Bootstrap confidence intervals
Bootstrap confidence intervals use the bootstrap distribution of \(\hat{\theta}^*\) to construct a range of plausible values for the true parameter \(\theta\). Four main methods exist, differing in accuracy, assumptions, and computational cost. The BCa interval is the most accurate general-purpose choice.
Setup and notation
From \(B\) bootstrap resamples we have estimates \(\hat{\theta}^*_1, \ldots, \hat{\theta}^*_B\). Let \(\hat{\theta}^*_{(\alpha)}\) denote the \(\alpha\)-quantile of the bootstrap distribution. The observed statistic from the original sample is \(\hat{\theta}\).
- Percentile interval
The simplest method: use the quantiles of the bootstrap distribution directly.
\[\text{CI}_\text{perc} = \left[\hat{\theta}^*_{(\alpha/2)},\; \hat{\theta}^*_{(1-\alpha/2)}\right]\]
Intuition: if the bootstrap distribution is centered at \(\hat{\theta}\) and symmetric, the percentile interval is a valid approximation.

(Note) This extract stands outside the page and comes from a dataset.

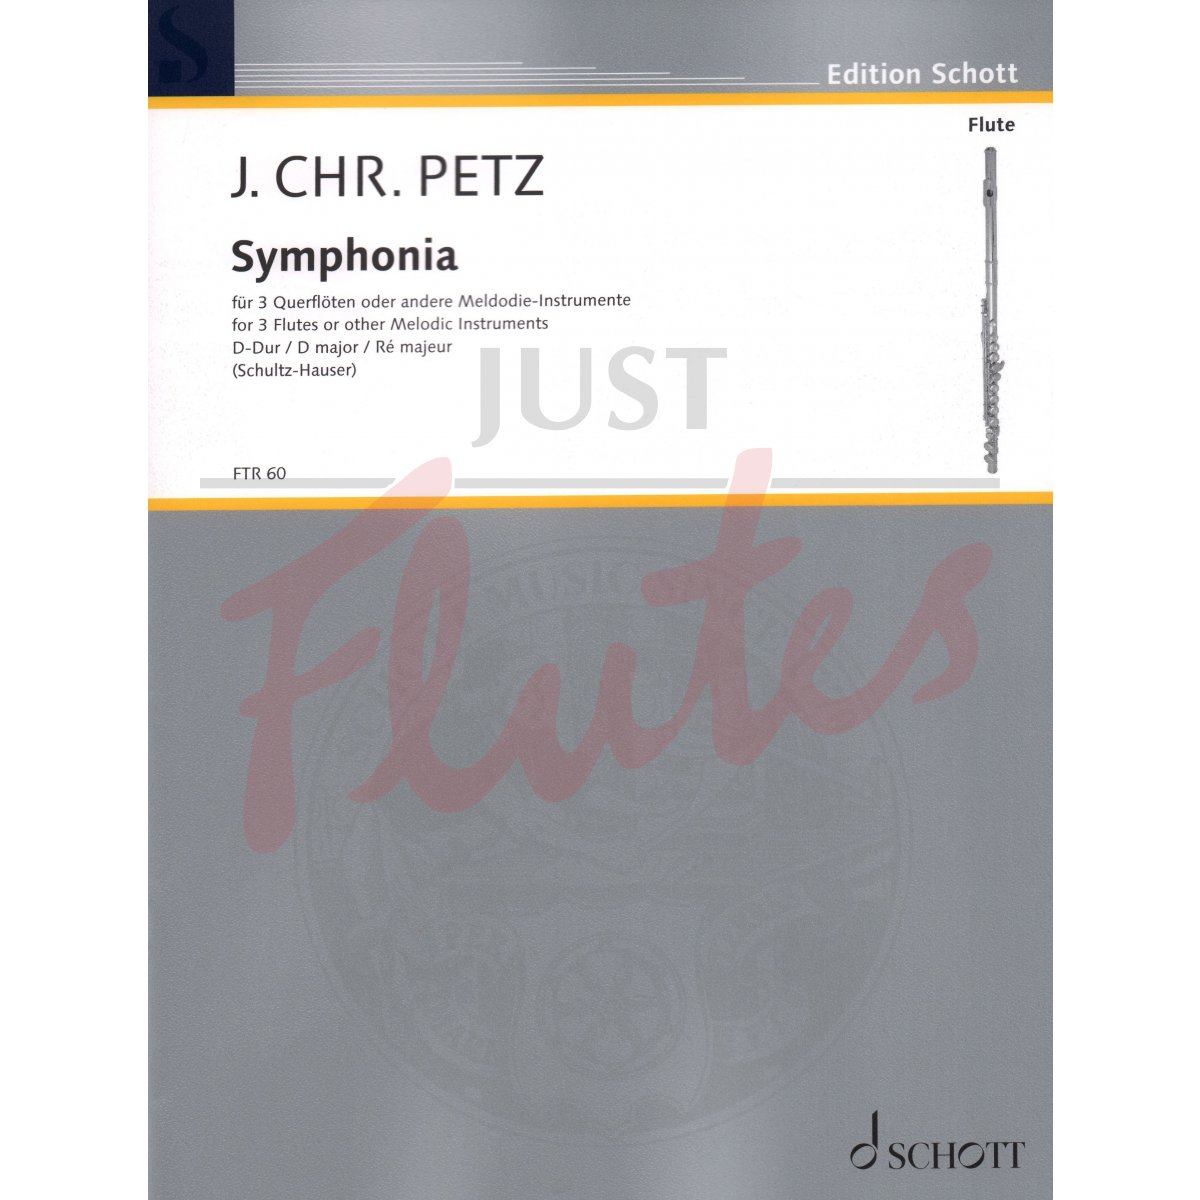 Symphonia in D major for Three Flutes

Implementation: sort the \(B\) bootstrap estimates and take the \(\lfloor B\alpha/2 \rfloor\) and \(\lceil B(1-\alpha/2) \rceil\) values.
Limitation: the percentile interval ignores bias. If the bootstrap distribution is shifted relative to the true sampling distribution (i.e., \(E[\hat{\theta}^*] \neq \hat{\theta}\) or \(E[\hat{\theta}] \neq \theta\)), the interval has incorrect coverage.
- Basic (reversed) interval
Also called the empirical or pivotal interval. It uses the bootstrap distribution of \(\hat{\theta}^* - \hat{\theta}\) as an approximation for the sampling distribution of \(\hat{\theta} - \theta\):
\[\text{CI}_\text{basic} = \left[2\hat{\theta} - \hat{\theta}^*_{(1-\alpha/2)},\; 2\hat{\theta} - \hat{\theta}^*_{(\alpha/2)}\right]\]
Intuition: reflect the bootstrap distribution around \(\hat{\theta}\). This corrects for bias in the location of the bootstrap distribution but not for skewness. The bounds are “reversed”: the upper bound uses the lower bootstrap quantile and vice versa.
- Studentized (bootstrap-t) interval
The most accurate interval when a standard error estimate is available. It standardizes the bootstrap statistic by its own SE:
\[t_b^* = \frac{\hat{\theta}^*_b - \hat{\theta}}{\widehat{\text{SE}}^*_b}\]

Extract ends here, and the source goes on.